__Recorded data__
—————

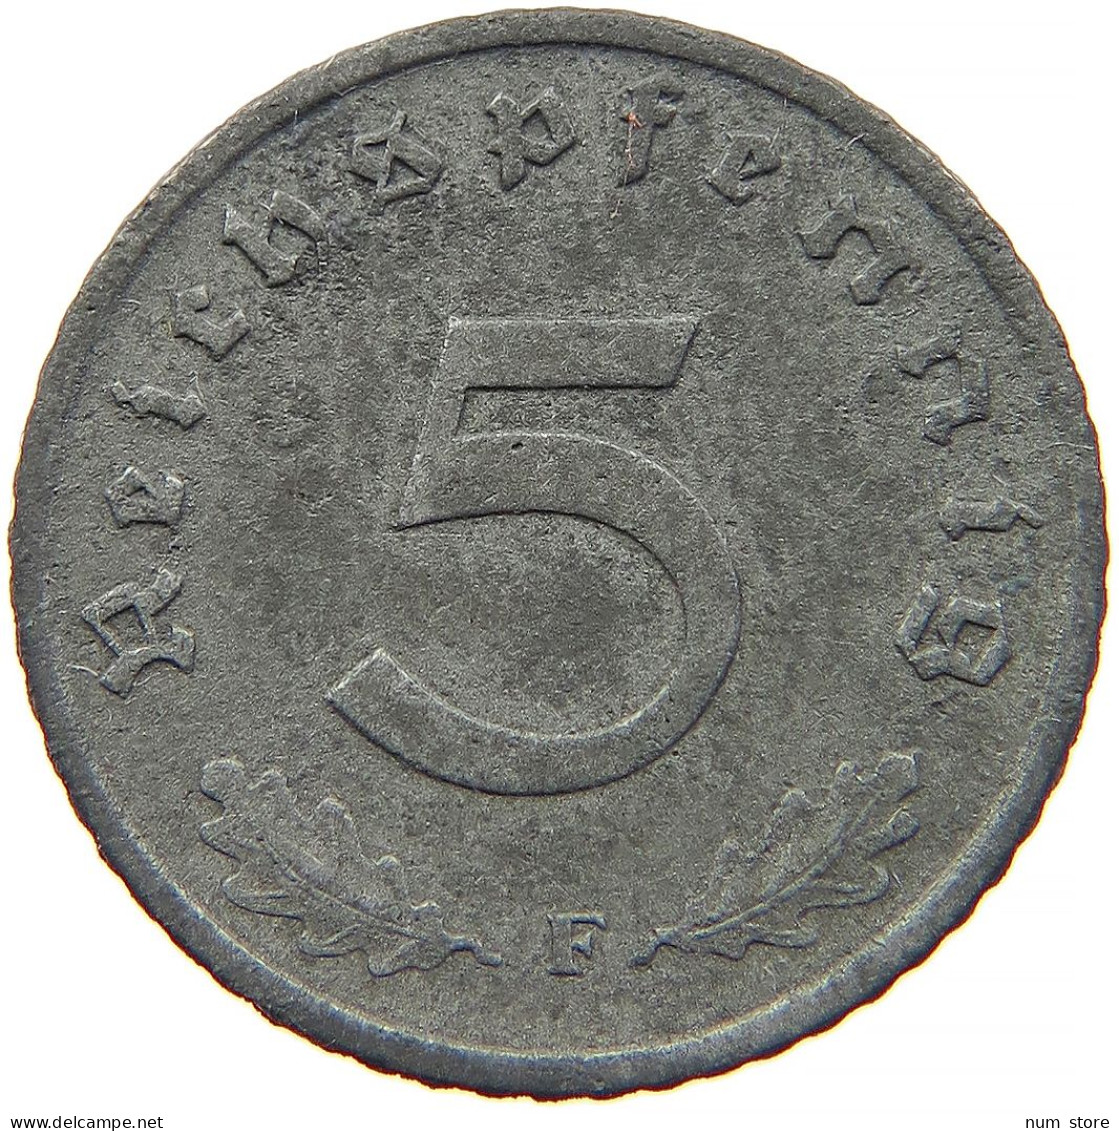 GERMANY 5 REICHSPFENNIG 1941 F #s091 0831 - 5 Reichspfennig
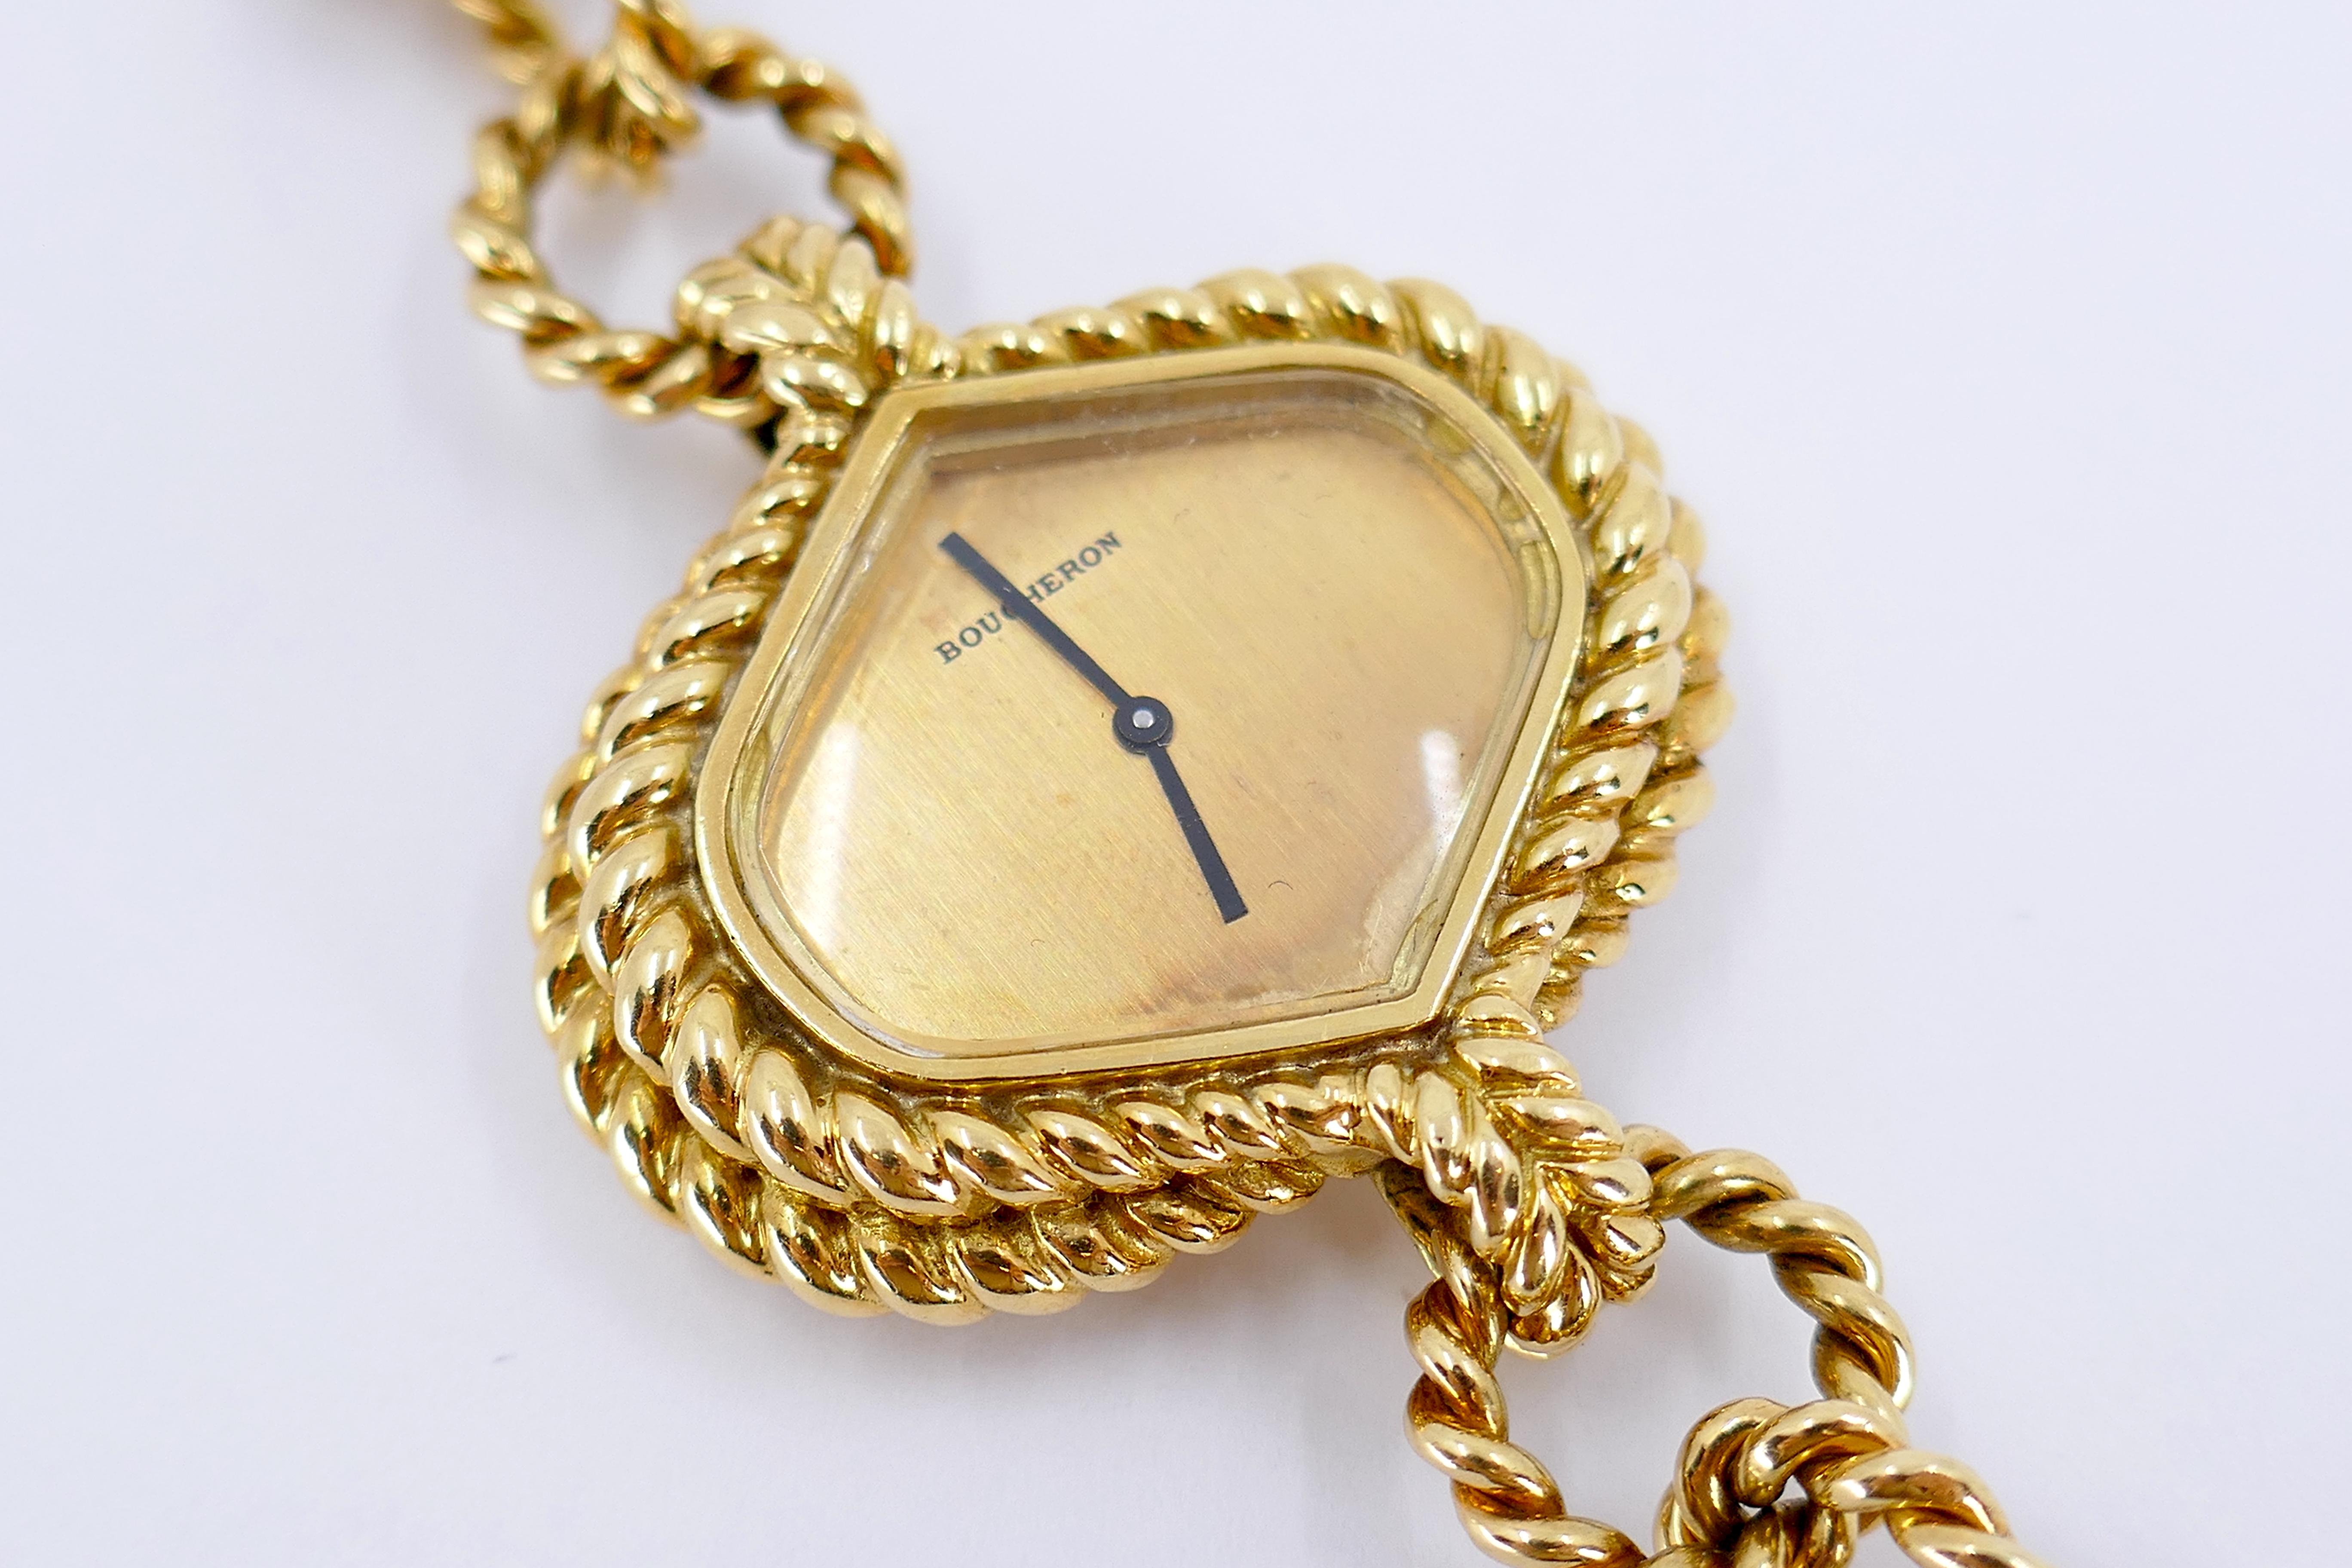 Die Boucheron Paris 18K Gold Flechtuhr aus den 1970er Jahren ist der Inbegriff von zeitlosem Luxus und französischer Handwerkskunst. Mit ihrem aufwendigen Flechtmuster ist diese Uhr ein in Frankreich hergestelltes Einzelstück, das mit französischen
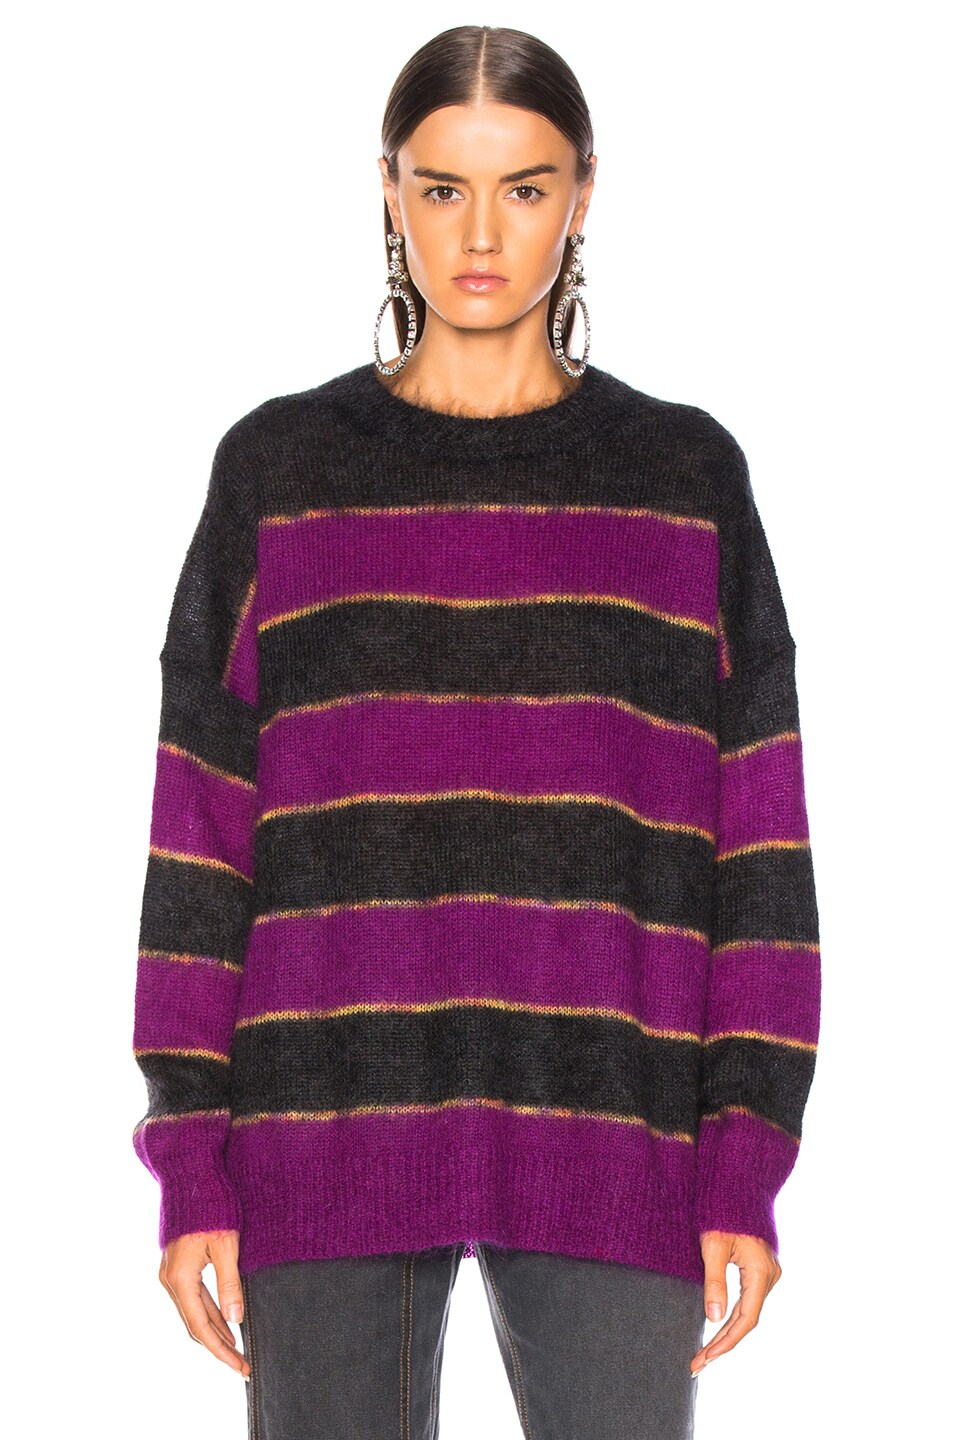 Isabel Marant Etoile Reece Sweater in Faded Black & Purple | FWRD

—————

__Task requirements__
Would you restate the listing word for word without its pictures?

__Result for this exercise__
 GERMANY 5 REICHSPFENNIG 1941 F #s091 0831 - 5 Reichspfennig
 Die Boucheron Paris 18K Gold Flechtuhr aus den 1970er Jahren ist der Inbegriff von zeitlosem Luxus und französischer Handwerkskunst. Mit ihrem aufwendigen Flechtmuster ist diese Uhr ein in Frankreich hergestelltes Einzelstück, das mit französischen
 Isabel Marant Etoile Reece Sweater in Faded Black & Purple | FWRD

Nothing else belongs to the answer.